| What to work on |
Copy all data exactly. Skip pictures.

| Supplied material |
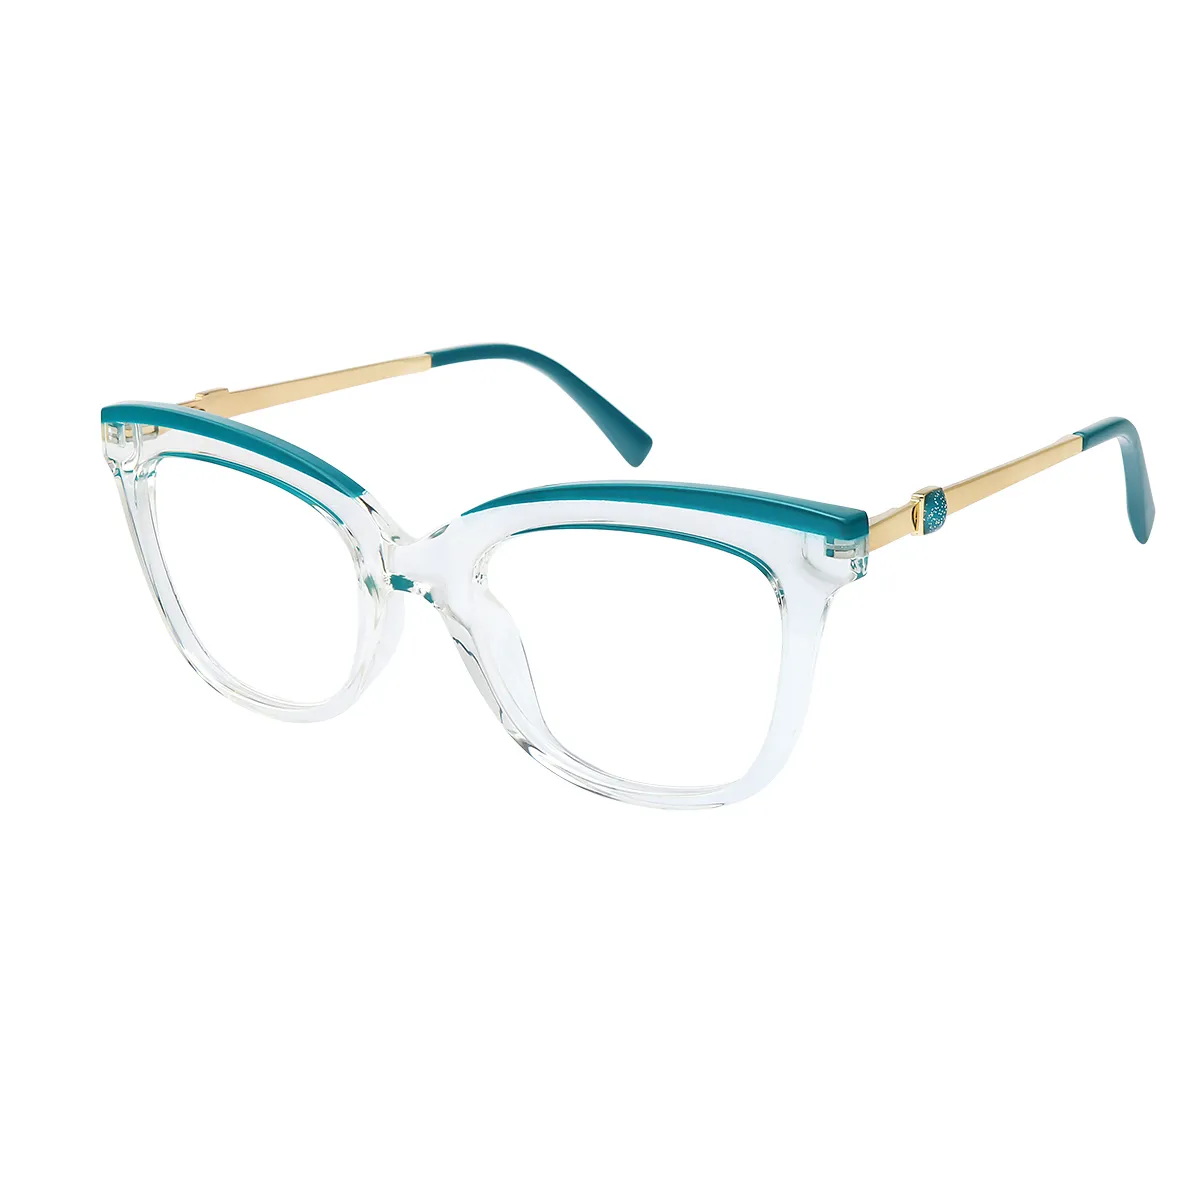 Savvy - Cat-eye Translucent-Green Glasses for Women
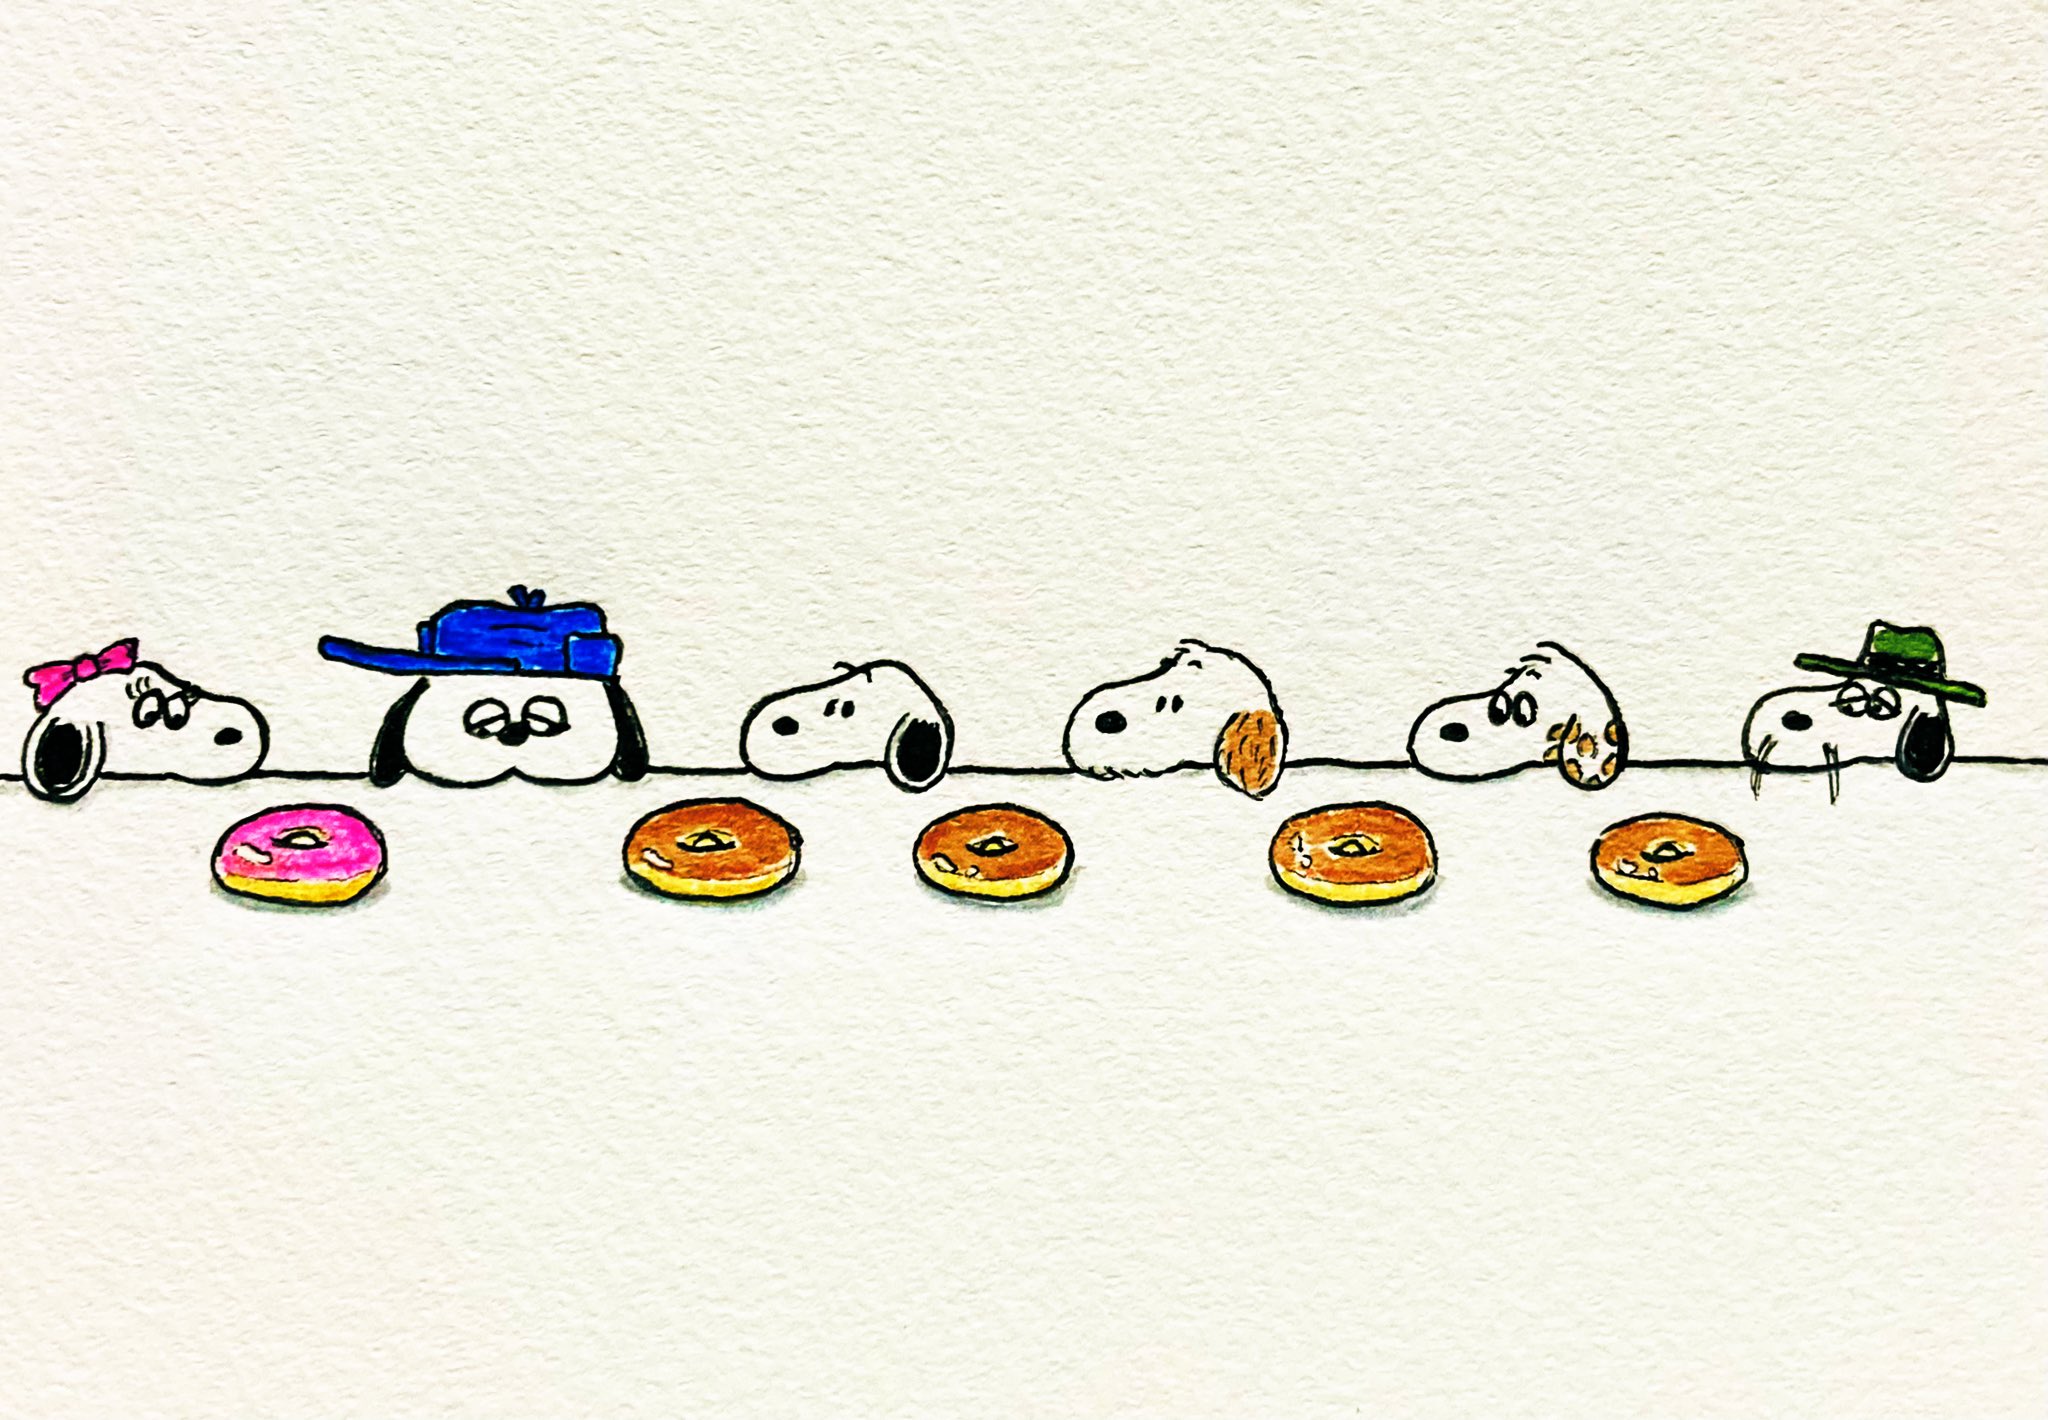 Twitter 上的 Wlfa Snoopy Day270 ベーグルを食べるオラフ 100日後も食べるオラフ アナログイラスト T Co Rjibs3dvo6 Twitter
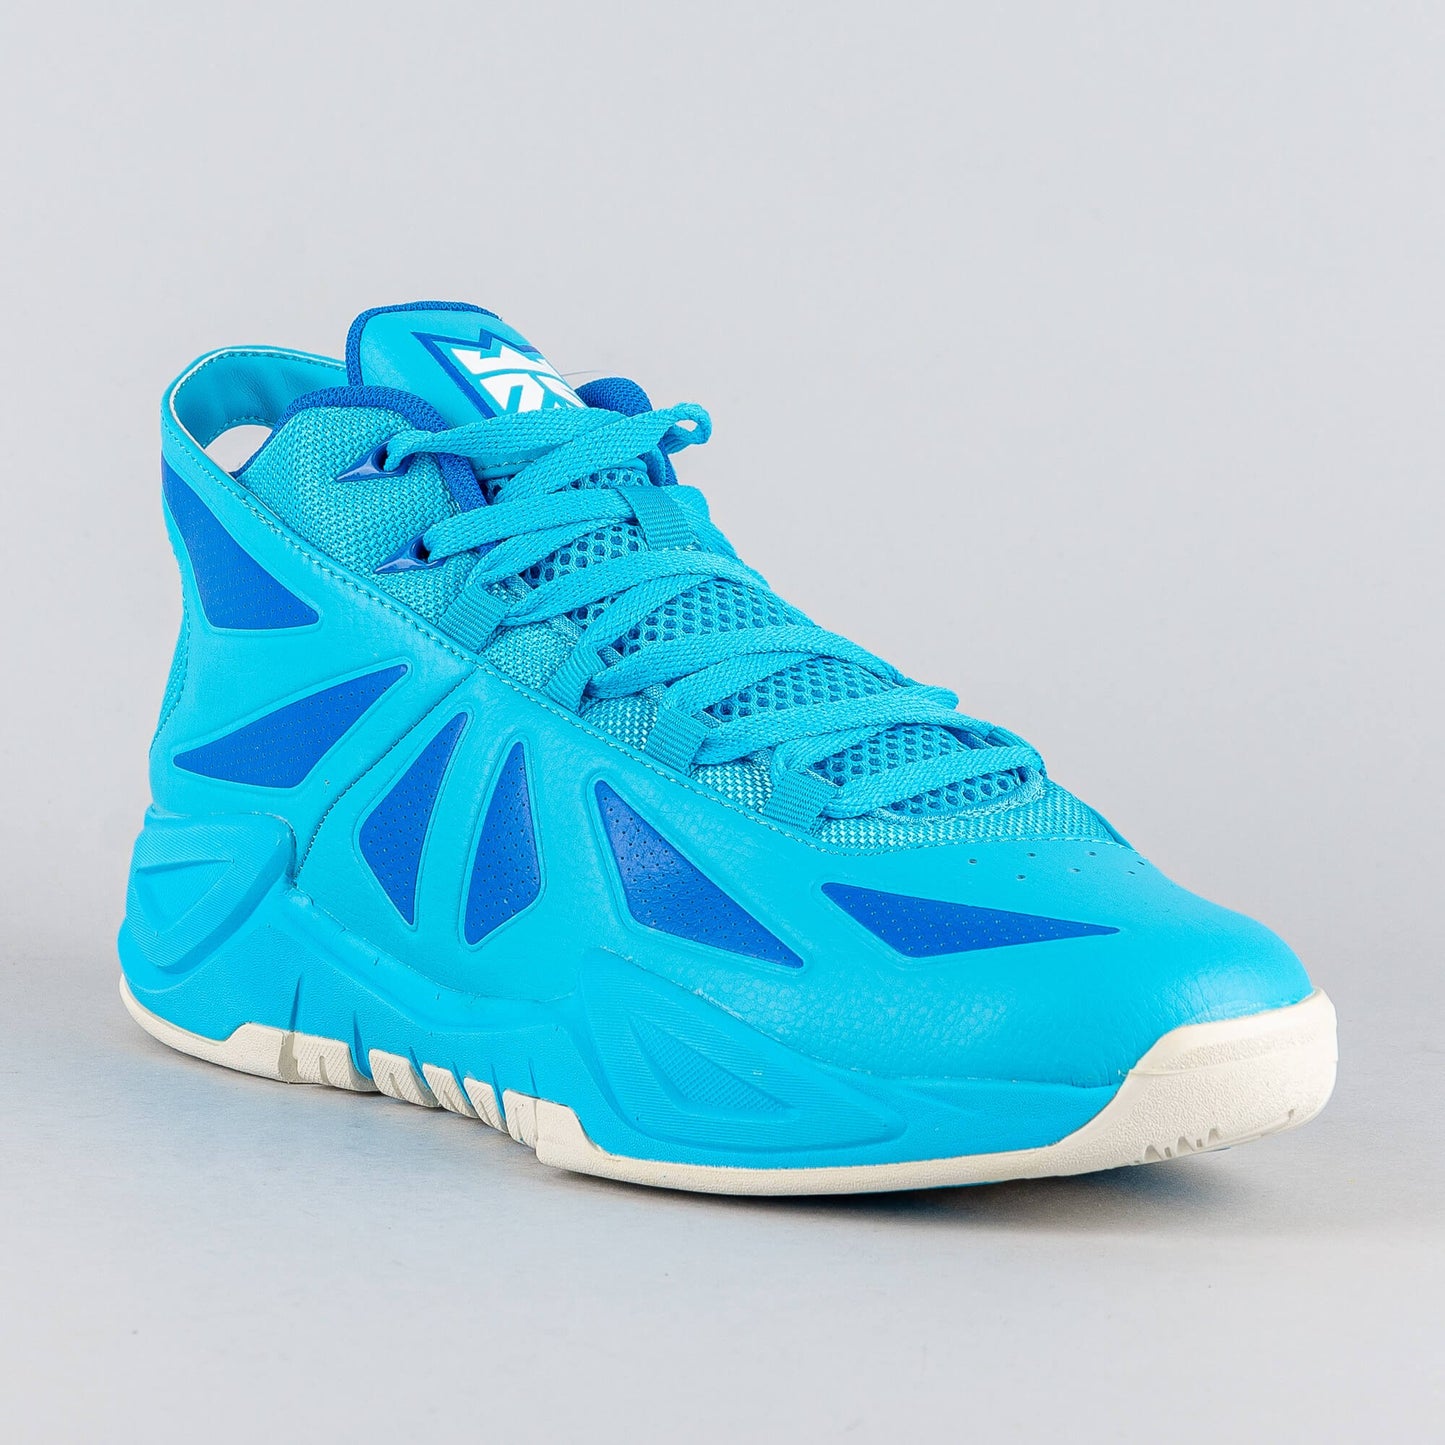 Peak Basketball Ares III Reborn Shoes Blue/Crystal Blue

| Response |
 Savvy - Cat-eye Translucent-Green Glasses for Women
 Twitter 上的 Wlfa Snoopy Day270 ベーグルを食べるオラフ 100日後も食べるオラフ アナログイラスト T Co Rjibs3dvo6 Twitter
 Peak Basketball Ares III Reborn Shoes Blue/Crystal Blue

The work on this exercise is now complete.